Relativamente a quest'ultimo punto si rendono necessarie alcune precisazioni:

- l'effettivo svolgimento dell'attività di ricerca o di docenza all'estero deve risultare da idonea documentazione rilasciata dagli stessi centri di ricerca o dalle Università presso i quali l'attività è stata svolta. Tale documentazione deve attestare sia la natura dell'ente, sia l'attività svolta dal docente o dal ricercatore e la relativa durata. La documentazione, rilasciata in lingua straniera deve essere tradotta in italiano; tale traduzione può essere fatta dallo stesso contribuente, se i documenti sono redatti in lingua inglese, francese, tedesca o spagnola, mentre se i documenti sono redatti in altre lingue è necessaria una traduzione giurata, ovvero la vidimazione da parte dell'autorità consolare;
- l'attività di docenza è individuata nella attività di insegnamento svolta presso istituzioni universitarie, pubbliche e private;
- l'attività di docenza e ricerca non necessariamente deve essere stata svolta nei due anni immediatamente precedenti il rientro, essendo sufficiente che l'interessato, prima di rientrare in Italia, abbia svolto tali qualificate attività all'estero per un periodo minimo ed ininterrotto di almeno ventiquattro mesi. Per la docenza il periodo di ventiquattro mesi si ritiene compiuto se l'attività è stata svolta per due anni accademici continuativi. Può, ad esempio, fruire del regime agevolato un docente che, rientrato in Italia nel 2015, abbia svolto attività di docenza negli anni 2011 e 2012 e successivamente abbia svolto un'altra attività di lavoro dipendente.

I chiarimenti dell'agenzia delle Entrate
Nelle aziende ospedaliero-universitarie, l'università individua il docente o ricercatore in materie cliniche con il quale stipulano un contratto per lo svolgimento delle prestazioni di cui necessitano.

Nel caso analizzato, lo svolgimento dell'incarico prevedeva una responsabilità con «messa a punto dei percorsi assistenziali» in aggiunta a ulteriori incombenze, valutate, nel merito, come attività distinte, ancorché integrate e inscindibili, da parte dell'agenzia delle Entrate.
Per tale ragione, la risoluzione nega l'estensione dell'agevolazione alle attività assistenziali.

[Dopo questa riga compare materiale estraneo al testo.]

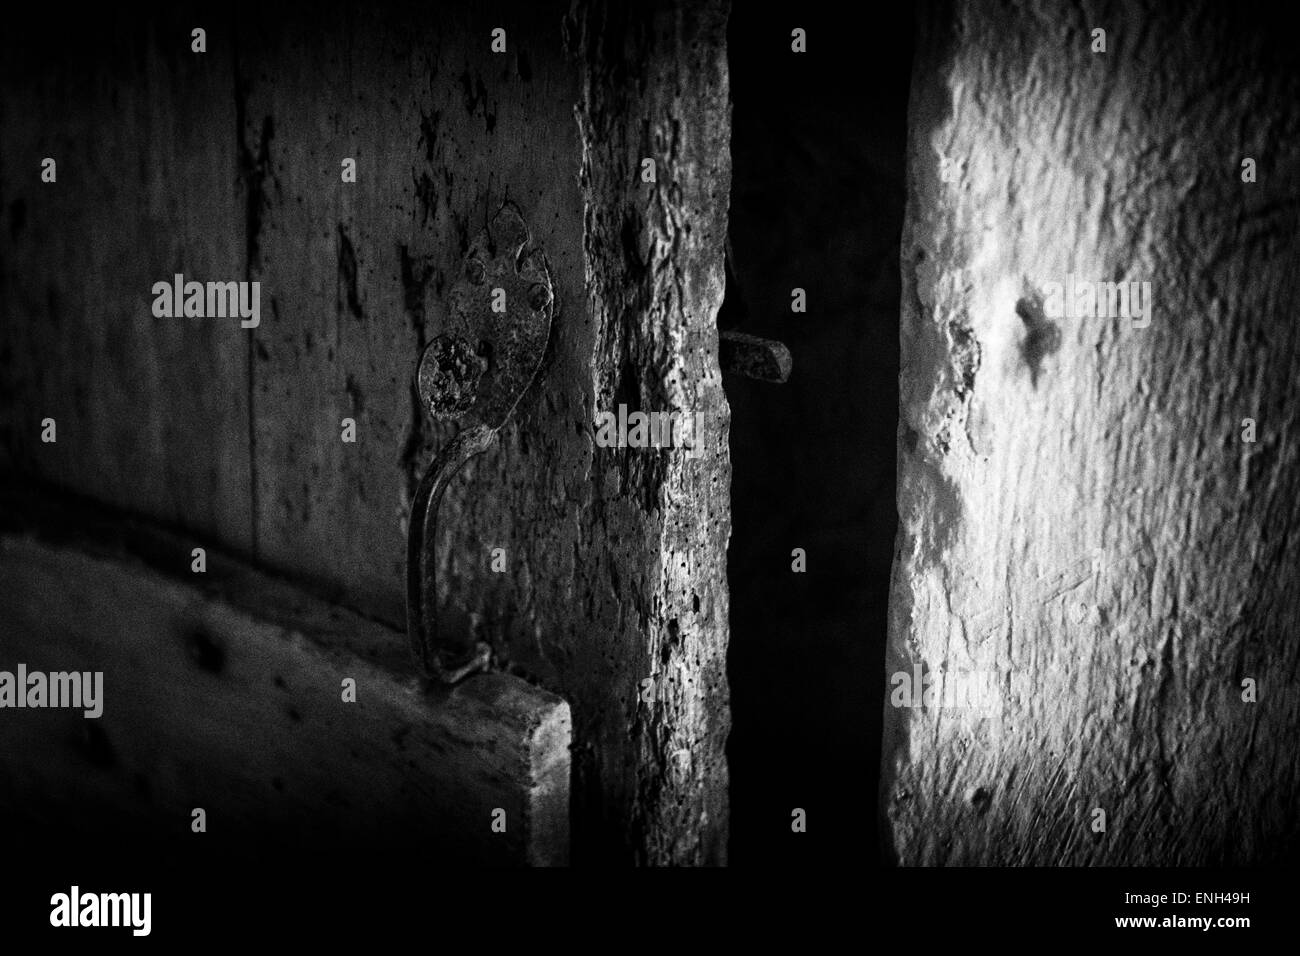 Sehr alte mittelalterliche Tür in schwarz und weiß, halb offen, vielleicht ein Geheimnis oder ein Geheimnis hinter zum Ausdruck bringen. Stockfoto
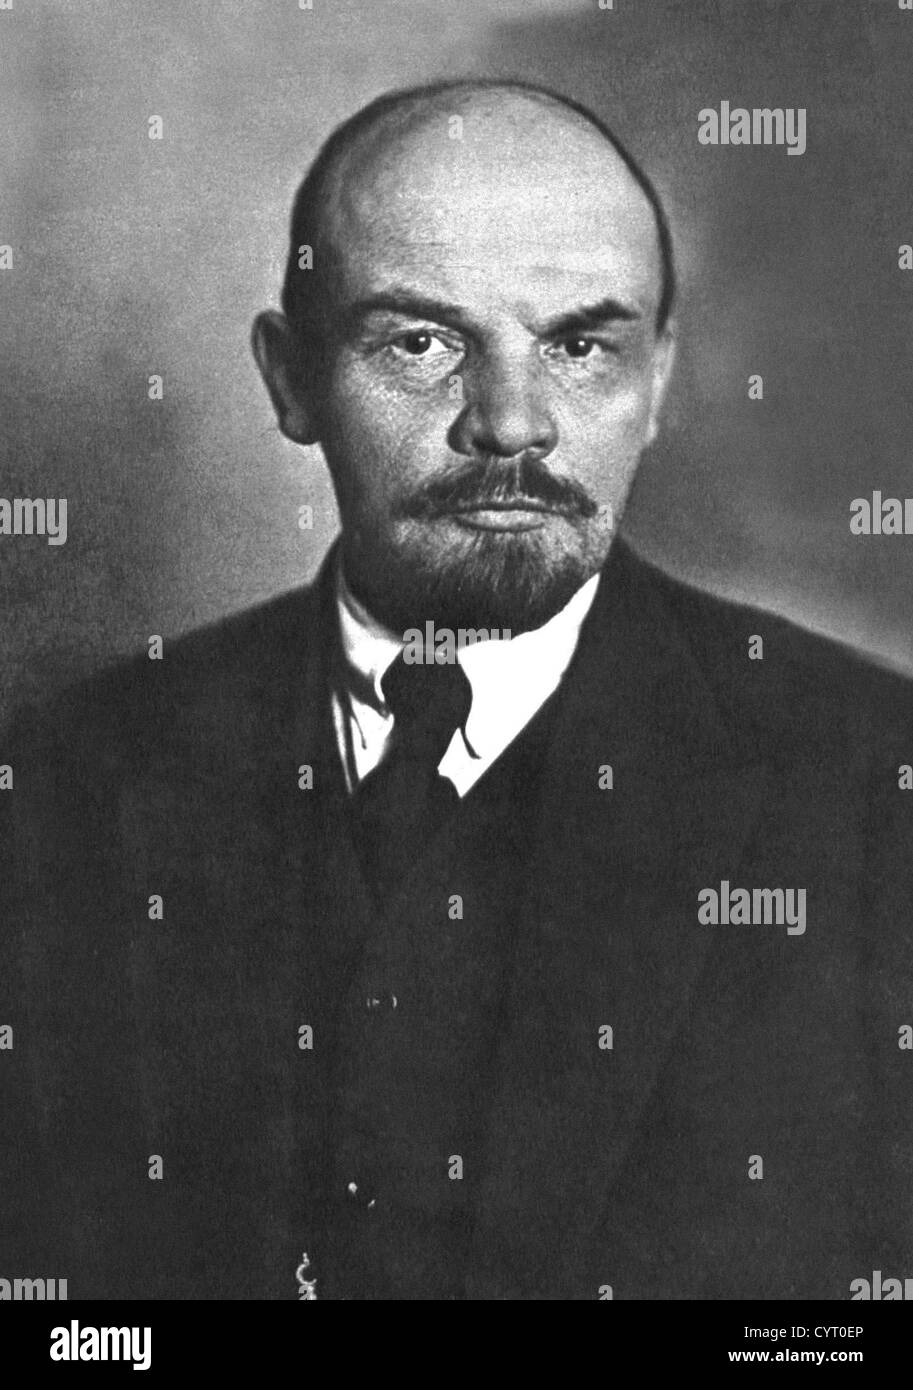 Vladimir Ilyich Lenin war ein russischer kommunistischer Revolutionär, Politiker und politischer Theoretiker, der als der Führer der russischen SFSR von 1917, diente dann gleichzeitig als Premier der Sowjetunion von 1922 bis 1924. Aus den Archiven der Presse Portrait Service früher Pressebüro Portrait. Stockfoto

Ciò non di meno, la stessa agenzia delle Entrate evidenzia come il soggetto possa optare per un diverso regime – quello degli impatriati – previsto dall'articolo 16 del Dlgs 147/2015 (circolare 17/E, parte II, paragrafo 1.3). In tal caso l'agevolazione si applicherebbe a tutti i redditi percepiti dal soggetto.

La durata dell'agevolazione indicata è prevista per cinque periodi d'imposta, con inizio da quello in cui il soggetto trasferisce la residenza fiscale in Italia, che deve essere mantenuta per un minimo di due anni, pena la decadenza dal beneficio sin dall'inizio con applicazione di sanzioni e interessi (articolo 3, del Dm 26 maggio 2016).